By contrast, professional translators can employ Translation Memory to leverage previously translated content and work within the original file format to retain formatting and context. And in some cases, machine-translation with post-editing (MTPE) can be used to save time, accelerate the process and reduce costs.
Once you’ve decided to make the leap to an external translation service provider, there are four steps you can take to ensure a smooth transition.
1. Build the business case. If you’ve decided your internal process isn’t meeting your needs, take the time to document how and why working with an external provider will be an improvement. It’s common to meet resistance to this type of change but spelling out the advantages up front will help you gain buy-in from key stakeholders.
Be sure to outline how the translation service provider will help your company:
- Save time and soft costs on tedious translation tasks being done by your employees.
- Avoid missing big opportunities, such as responding to large RFPs or launching new products before competitors, because your internal staff cannot meet your deadlines due to other priorities.
- Manage larger volumes of documents for translation.
- Handle translations in more languages.
- Improve efficiency of the translation process.

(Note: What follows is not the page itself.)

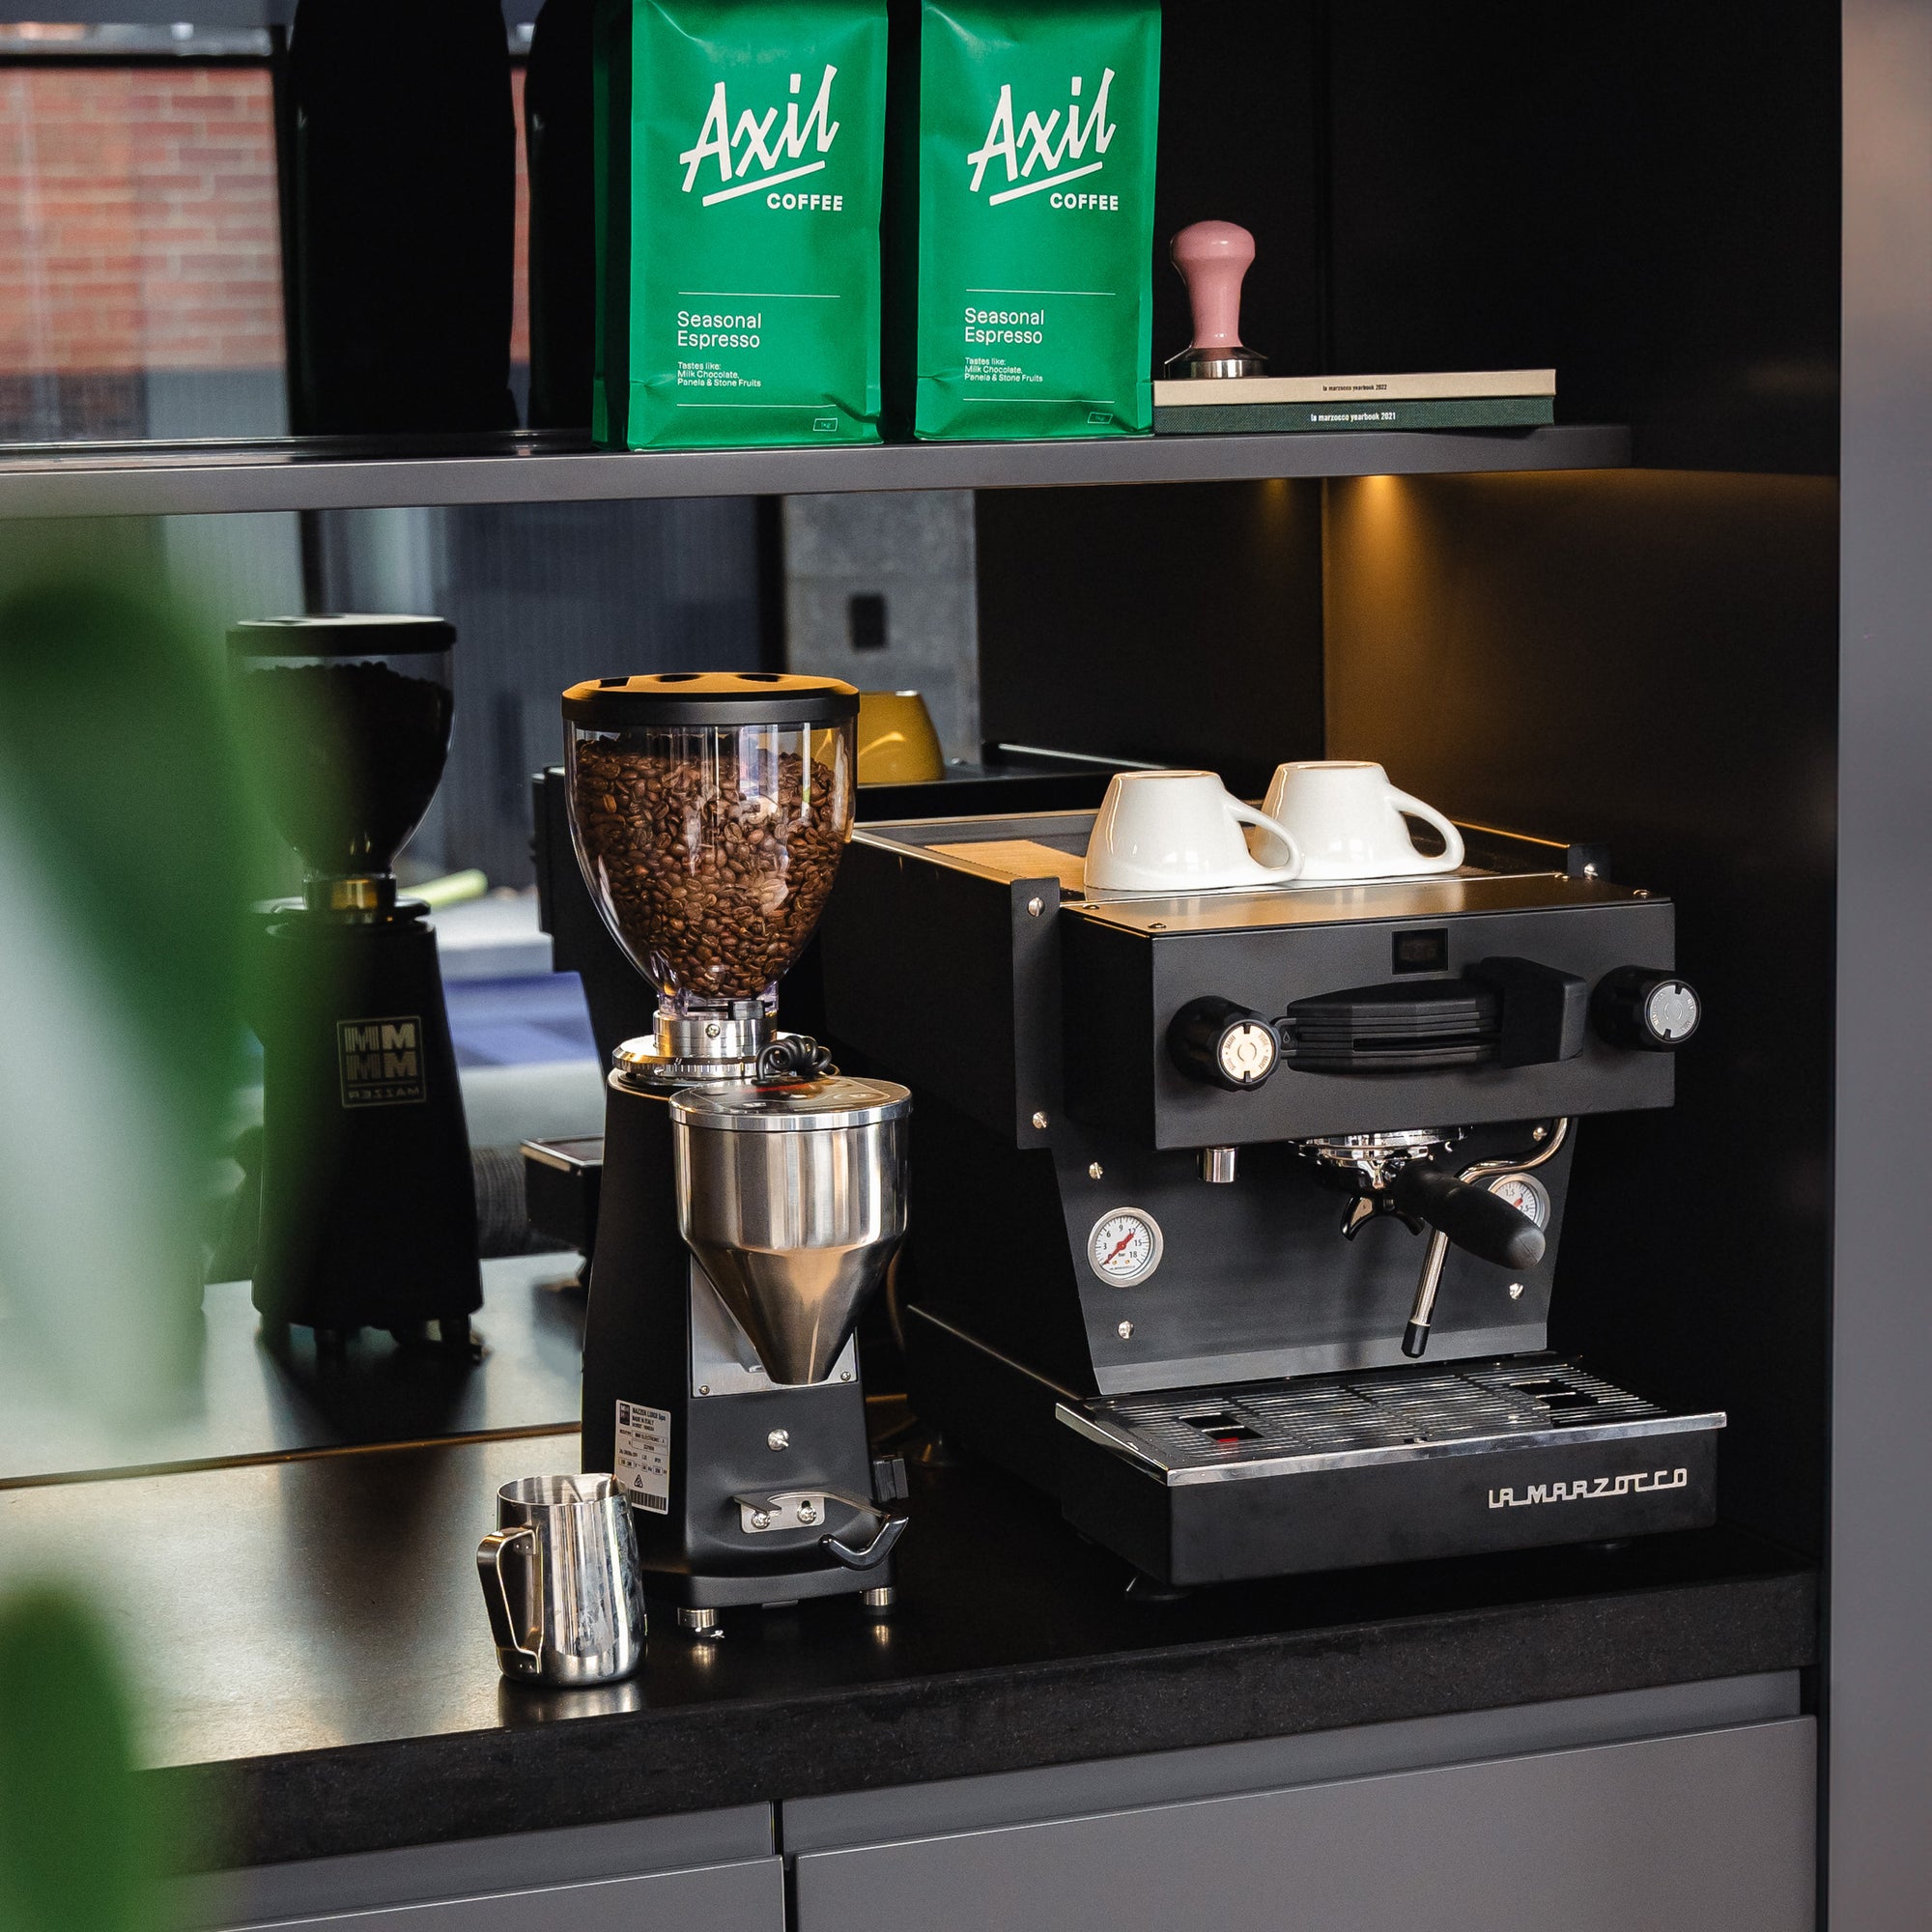 Axil Coffee and La Marzocco

- Obtain more consistent, higher-quality translations.
Some of the soft costs associated with translation might include:
- A poor-quality translation of your website can discourage potential marketing leads from making contact as well as hurt your reputation.
- The time your sales manager spends translating marketing material is time they could have spent selling.

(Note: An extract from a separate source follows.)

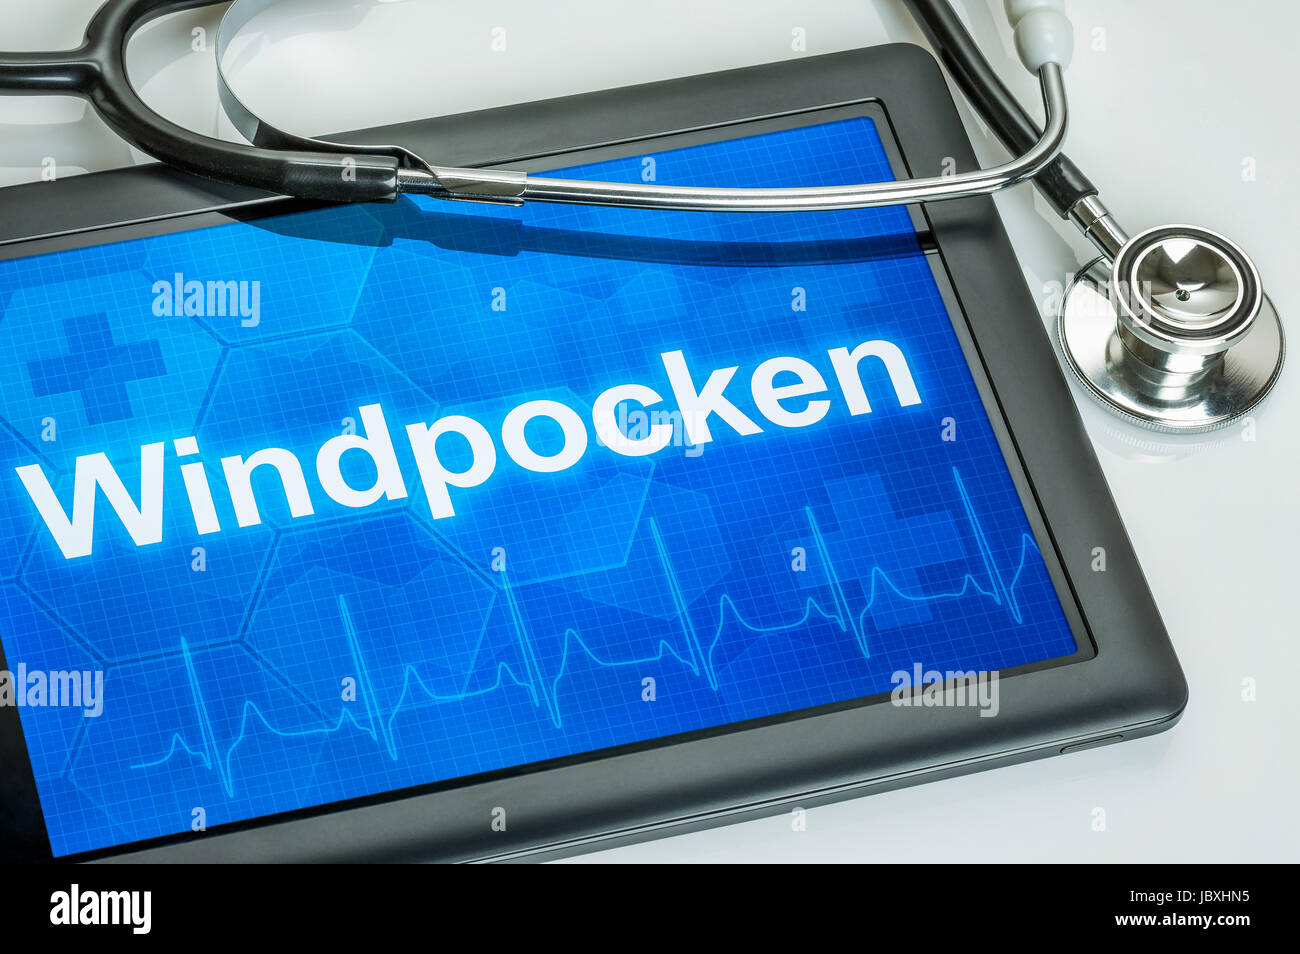 Tablet mit der Diagnose Windpocken auf dem Display Stock Photo

- Missed deadlines delay delivery of products or services to customers and may put a valuable relationship at risk.
2. Involve your team. Many organizations find the loudest objections to using a translation service provider come from their own employees. Some aren’t eager to give up the responsibility, and few believe the quality of the agency’s translation meets their standards. One way to build trust in the translation service provider is to give the employees on your team – especially those who have been translating documents – a role in the transition. During this period, they can work alongside the agency, providing guidance and ensuring accuracy and consistency. They can help build a company-specific glossary and also transfer their knowledge about company style.
3. Communicate the benefits to your employees. Be clear that the switch is a business decision made both for the overall benefit of the company as well as your team. Some employees may take the change personally. Engaging a translation service provider means that all employees previously involved in day-to-day translations will have more time to focus on their main job responsibilities and advance critical projects. And if they’ve been working after-hours on translations, they can now spend more time with family and friends and on personal pursuits. If they seem reluctant to the change, seek to find the underlying reasons why.
4. Strive for consistency. It’s important to work with a translator who is not only fluent in the required languages, but who is also a good match for your organization’s tone and writing style. A good translation service provider will allow you to test two translators during the transition period so you can find the right match. During this period, you and your team will have the ability to communicate directly with the translator. The goal here is to collaborate and learn. Translator consistency allows you to move the process forward and not get stuck in an endless cycle of trials.
Making the switch to a translation service provider is easier than you think. The steps above will ensure your transition goes smoothly. With the new process in place, you can be confident professional linguists are providing quality translations of your global communications.